Thinking is the key.

                    Thinking is the problem.           The solution. 
                       
                                                 Thinking is over rated ...

The past two nights when I have awakened during the night, my mind was 'thinking" about the musical idea known as Corvus.  I love when I can rest and the mind takes over and processes information for me.  Of course much of the time,  I am on automatic thinking.  Tending to routine tasks and behaviors that make up the course of my daily activities.  When I bring my attention to these routine tasks is when I become alive.

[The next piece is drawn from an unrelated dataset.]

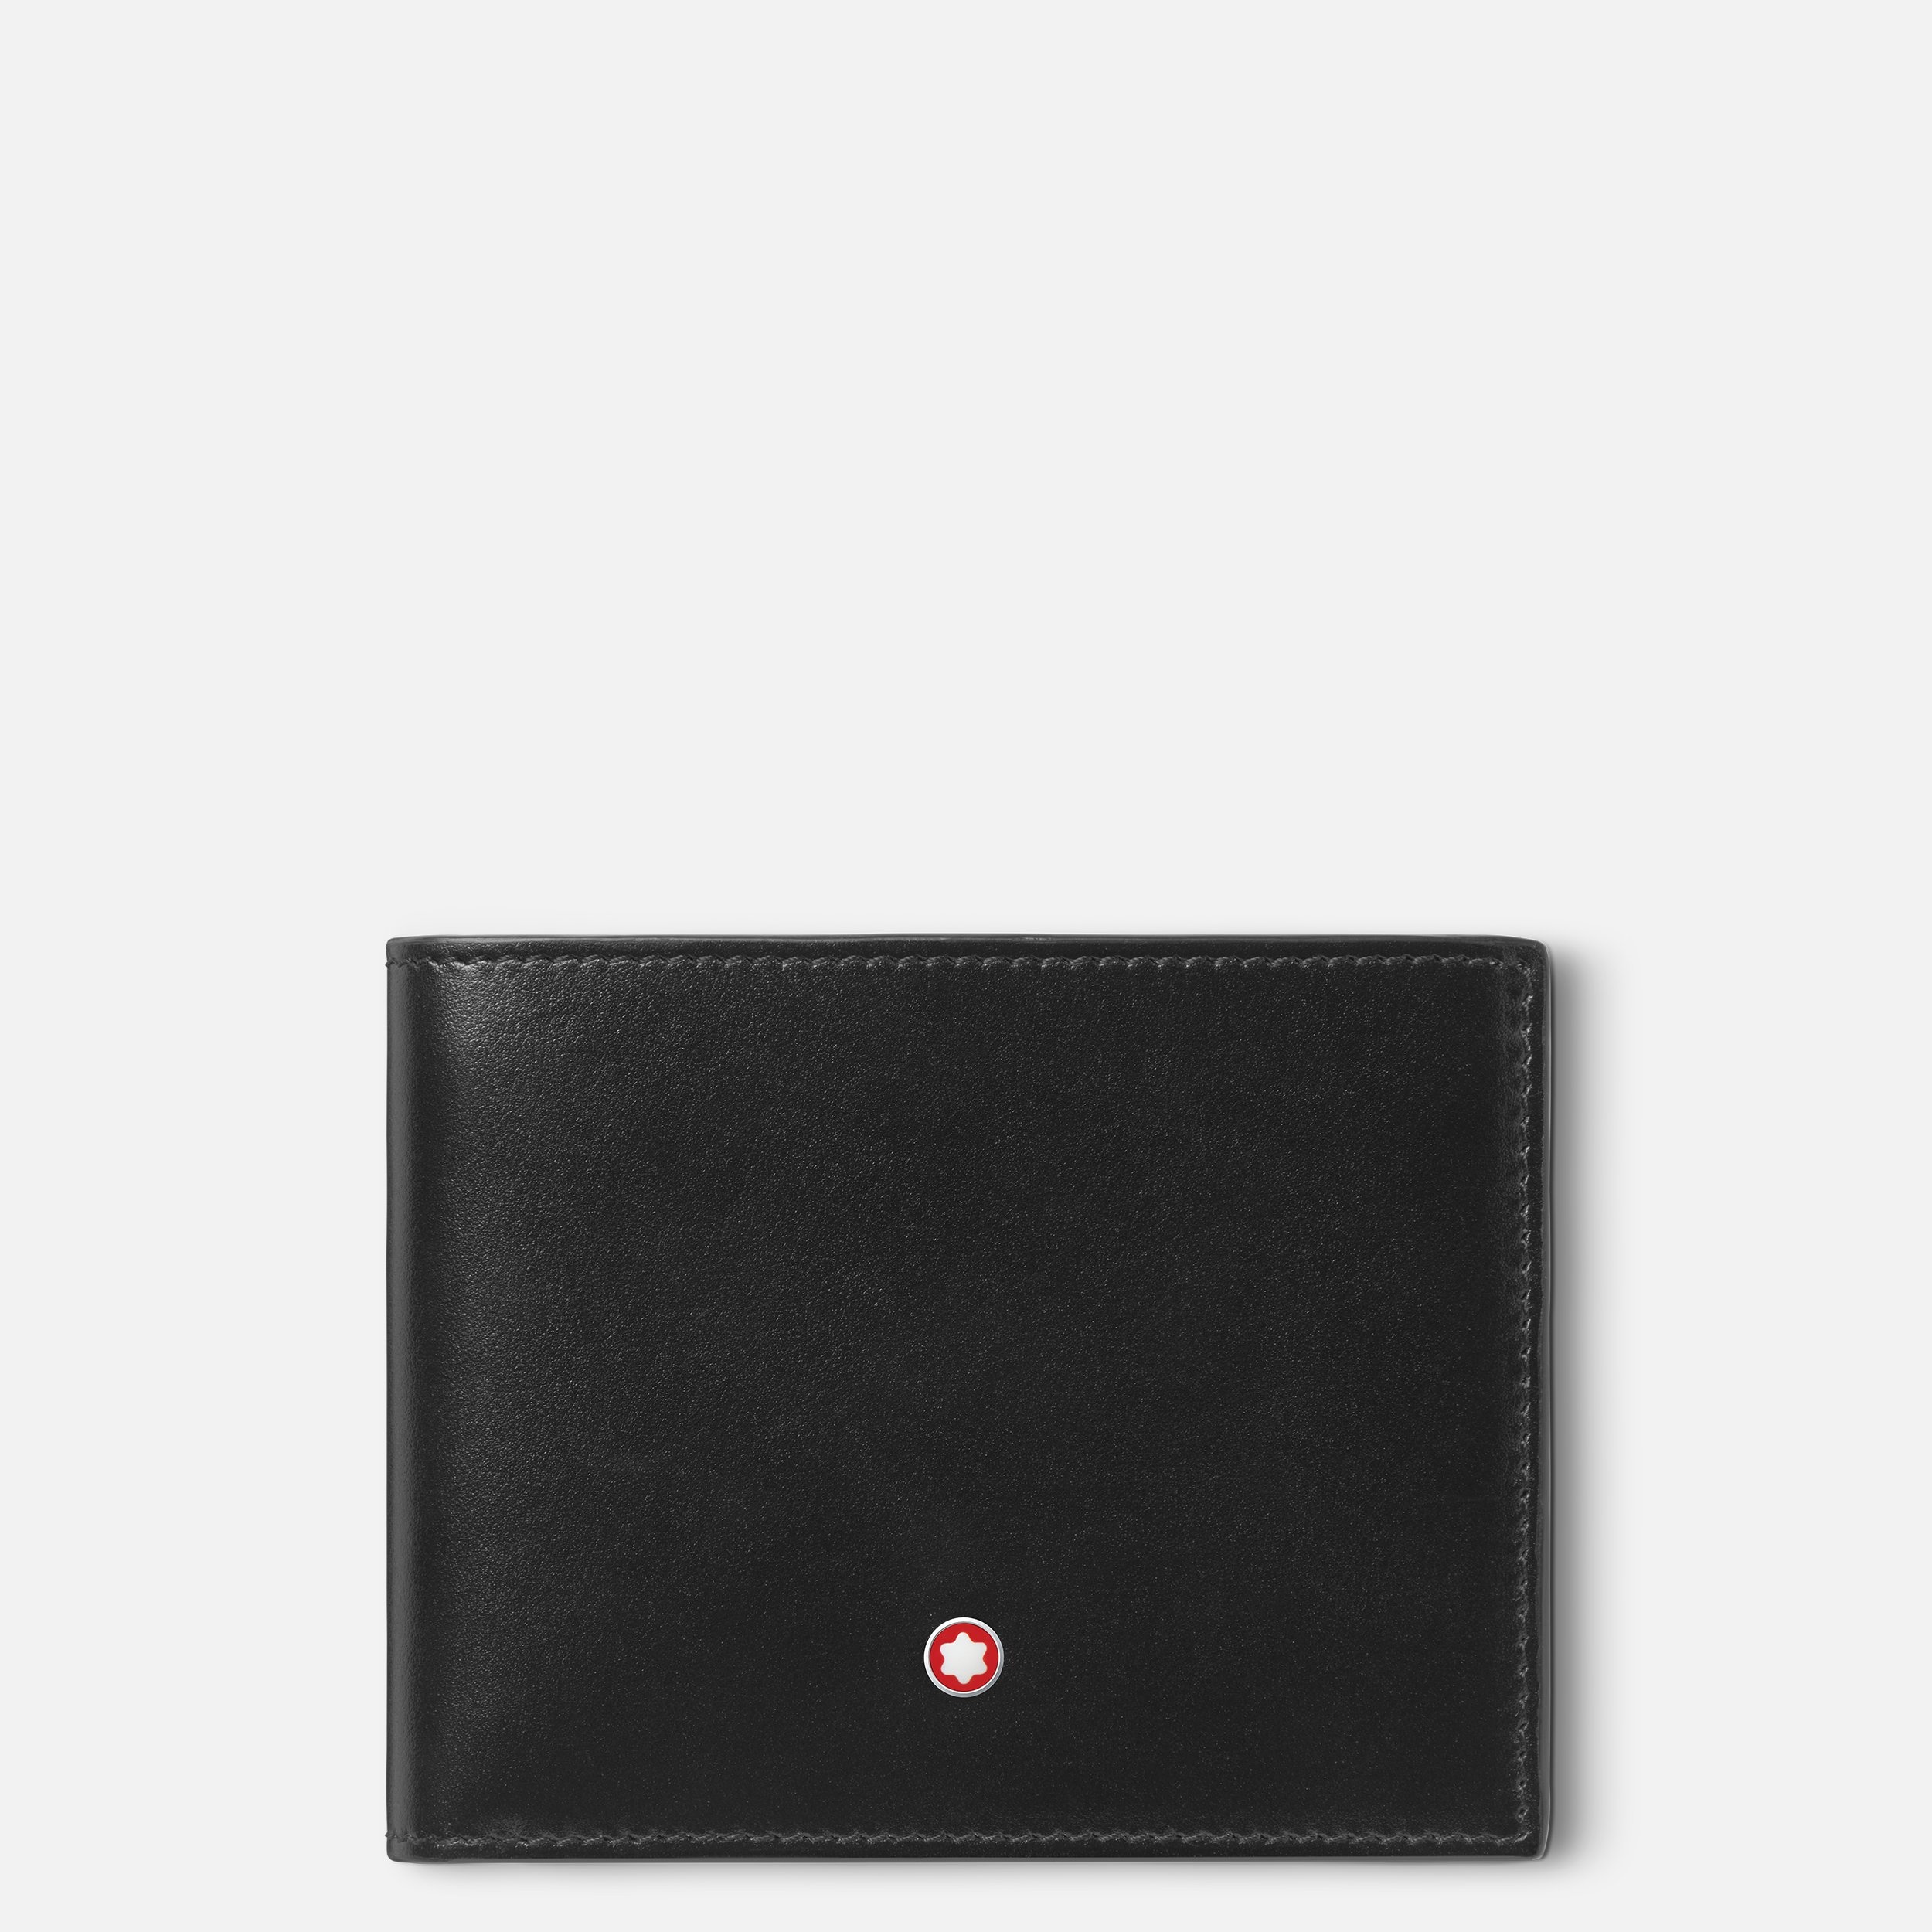 Meisterstück wallet 6cc - 1

The Alexander Technique brings my thinking into my bodily movements.  This awareness of how I use myself generates a form of mindful energy, as well as being an efficient way to execute simple and complex tasks.  Edward de Bono has written many books on the subject of thinking.  He has developed and taught a variety of techniques called Lateral Thinking to stimulate our brains and open up our thinking.  I recently listened to a book of his on CD and one exercise that I have been experimenting with is the septien.  In this exercise you come up with a list of 7 words or short phrase related to the subject you are thinking about.  Repeating these words, stimulates the brain in a manner not tied to our habitual thinking

The end of the month deadline is looming for the three pieces I need to complete, so tonight I decided to develop a septien for each piece. Then during my AT lie down, after directing the body to release, lengthen, and widen I would use the septien for the piece I would work with next.  My initial idea was to do a lie down, work on a piece for 20 minutes, lie down, etc.  Thus looking at all three pieces in a little over an hour.  Then I reasoned that I would move from there.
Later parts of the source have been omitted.